HawkEye: 12 Hours. Zero Code to Execution.
Yesterday at the CSHub Local Hack Day, my first hackathon ever, my teammate Soroush Baraouf and I challenged ourselves to build a fully functional product in just one day.
The Result: Meet "HawkEye" 🚀
Resellers spend hours manually logging inventory. HawkEye changes that. You simply record a video pan of a clothing rack, and our AI analyzes the footage. It identifies items (e.g., "Vintage Levi's 501"), detects specific damage like a missing button, and instantly estimates market value.
My project role:
- Frontend & UX: Designed the user interface and overall experience.
The Challenge: Raw Video Processing
The main technical hurdle was processing raw video for the #GoogleGemini 2.5 Flash API.
The Fix: I built an #FFmpeg pipeline to extract frames and timestamps, enabling Gemini to process video at a granular level for deeper analysis.
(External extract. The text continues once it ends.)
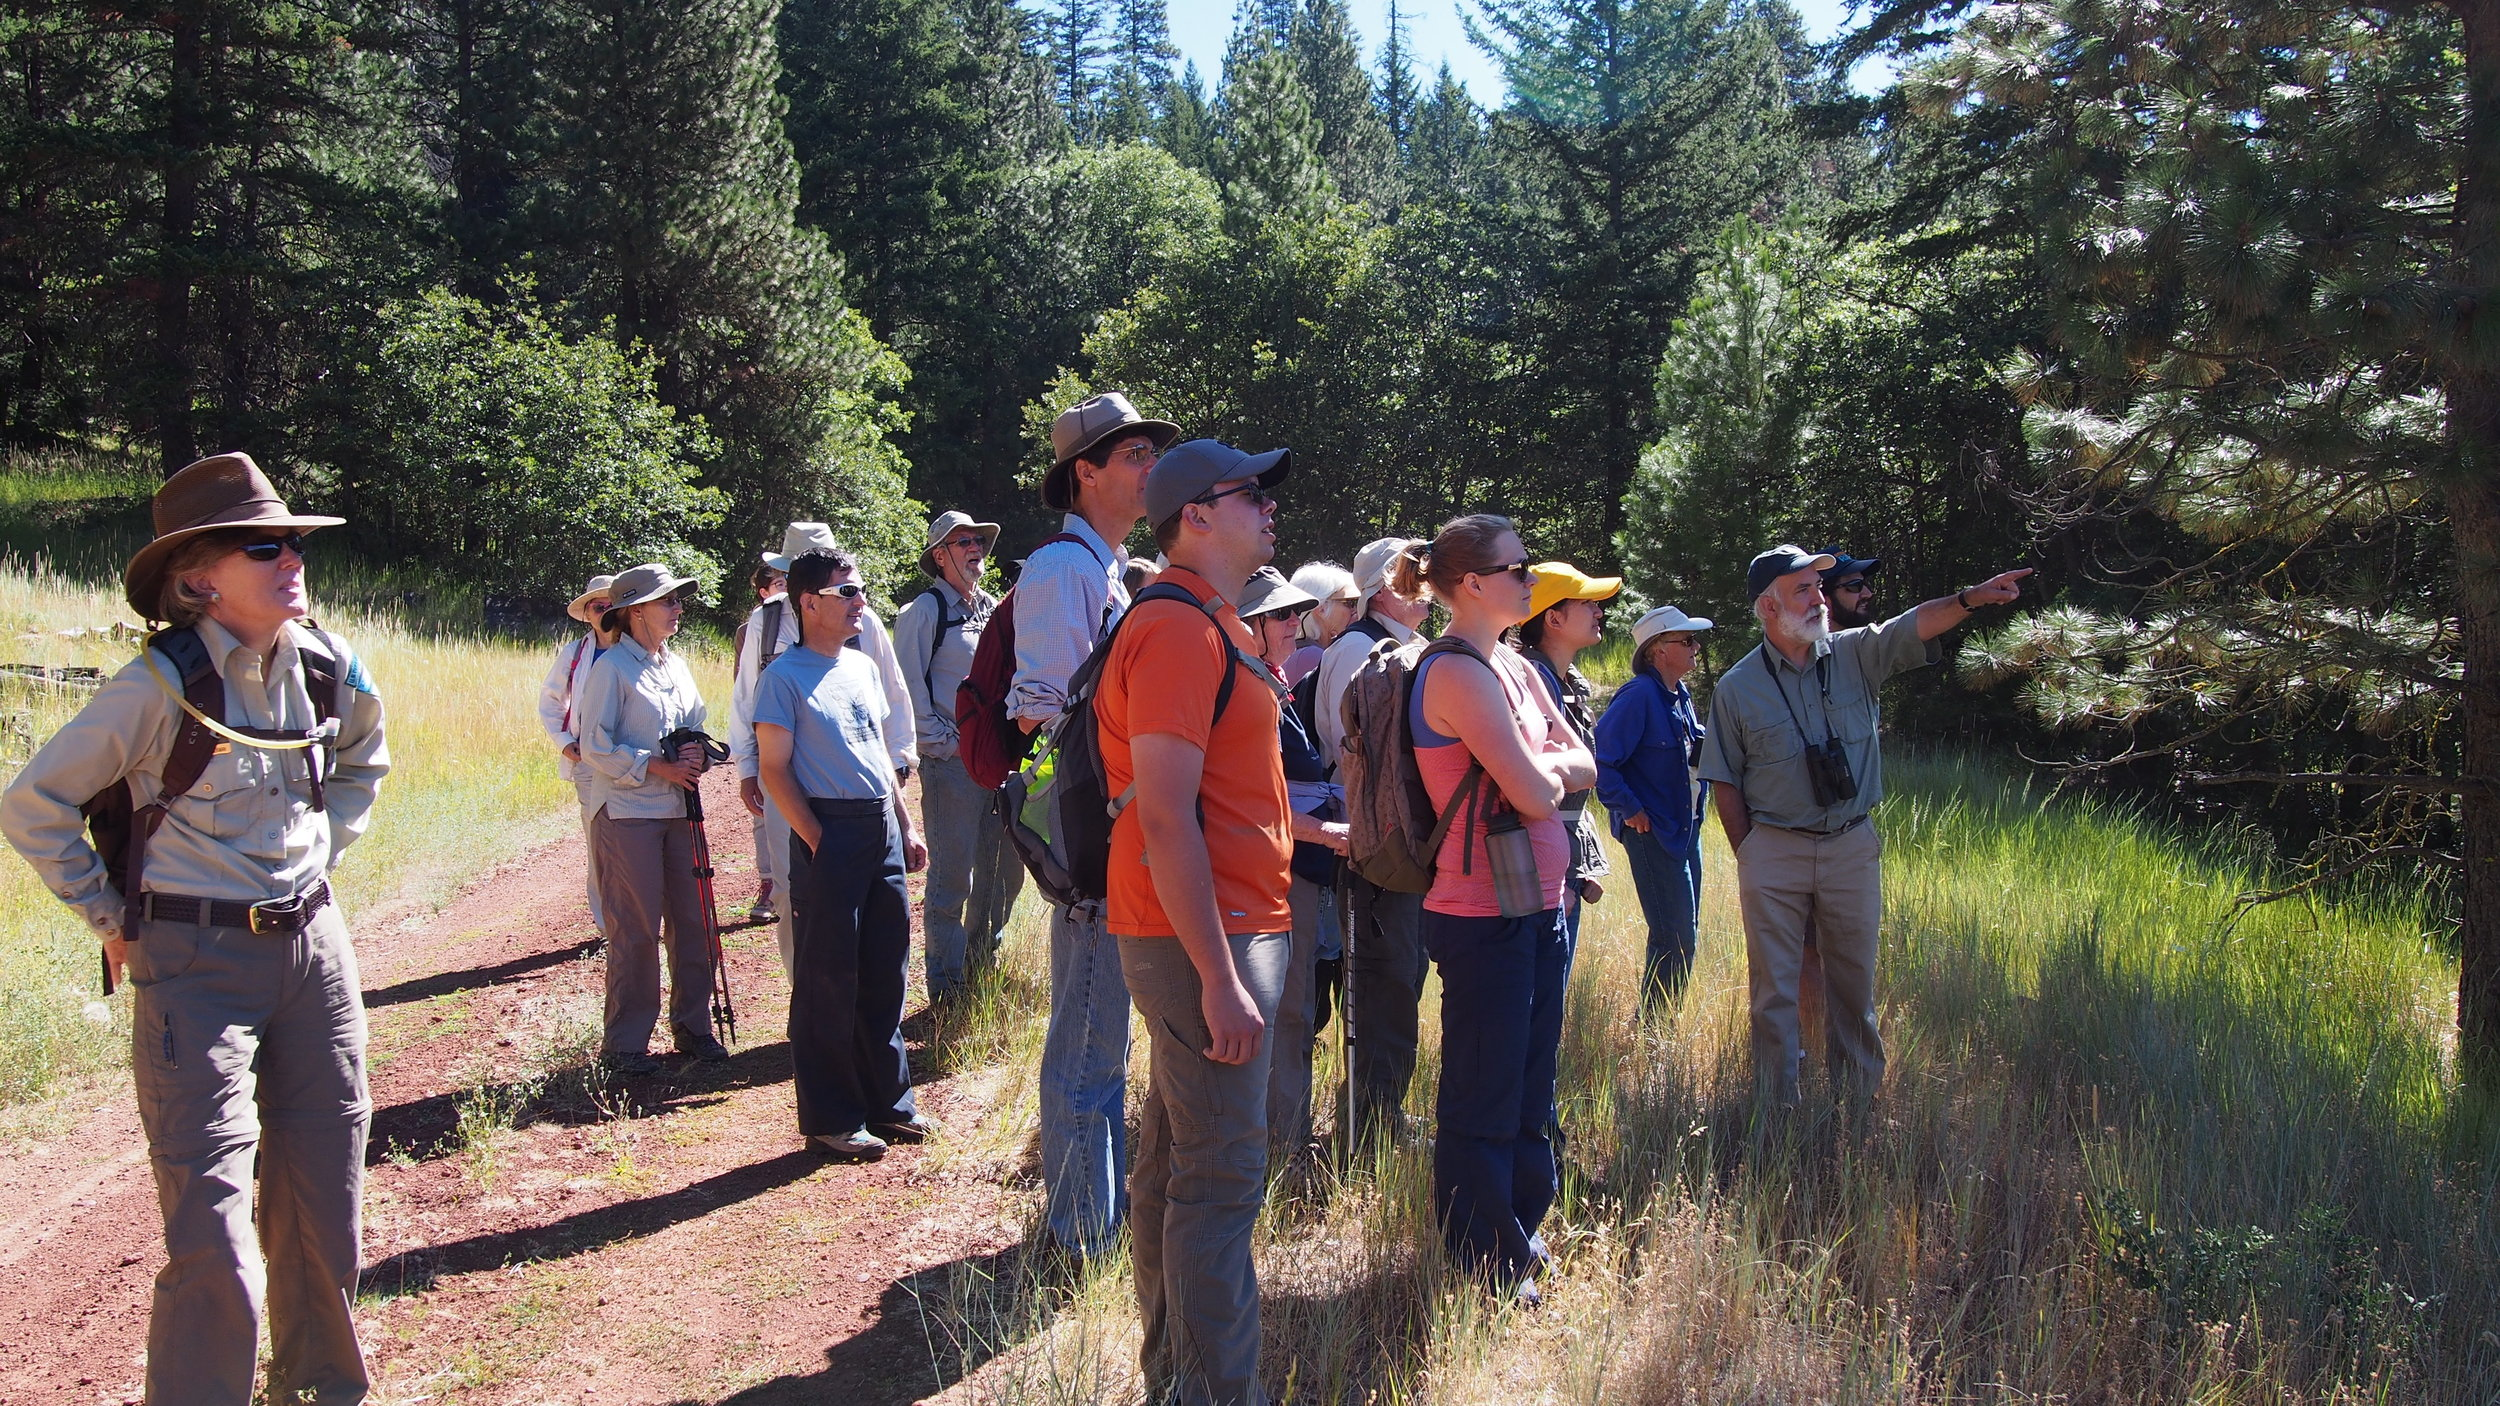 Aquatic ecologist  Michael Parker (r) shows participants Fredenburg Meadow, a unique wet meadow fed by Jenny Creek and Fredenburg Springs.

This unlocked a full spectrum of Gemini’s multimodal capabilities: video understanding, image interpretation, voice detection, text generation, reasoning, and real-time data retrieval.
How Gemini Powers the Backend
- Analyze video frames and identify items with high accuracy
- Detect condition details like missing buttons or wear
- Interpret audio cues (if present)
- Search the web for live market prices
- Reason about value ranges and suggest a lower and higher price based on condition
- Generate optimized listing descriptions for online marketplaces
We designed the pipeline so Gemini acts as the backbone of our product and an end-to-end assistant, from visual understanding to pricing intelligence to marketplace-ready text.
Deployment & The "Meta" Twist
The application was containerized with Docker and deployed on Render.
But here is the "Meta" twist: We didn't just use AI; we built with it. We utilized the #GeminiCLI (my favorite new AI toy) as an agentic assistant to handle boilerplate code and rapid debugging, allowing us to hit the strict 12-hour deadline.
A huge thanks to my teammate Soroush Baraouf for the incredible collaboration. Going from zero code to execution in 12 hours was an intense but rewarding experience.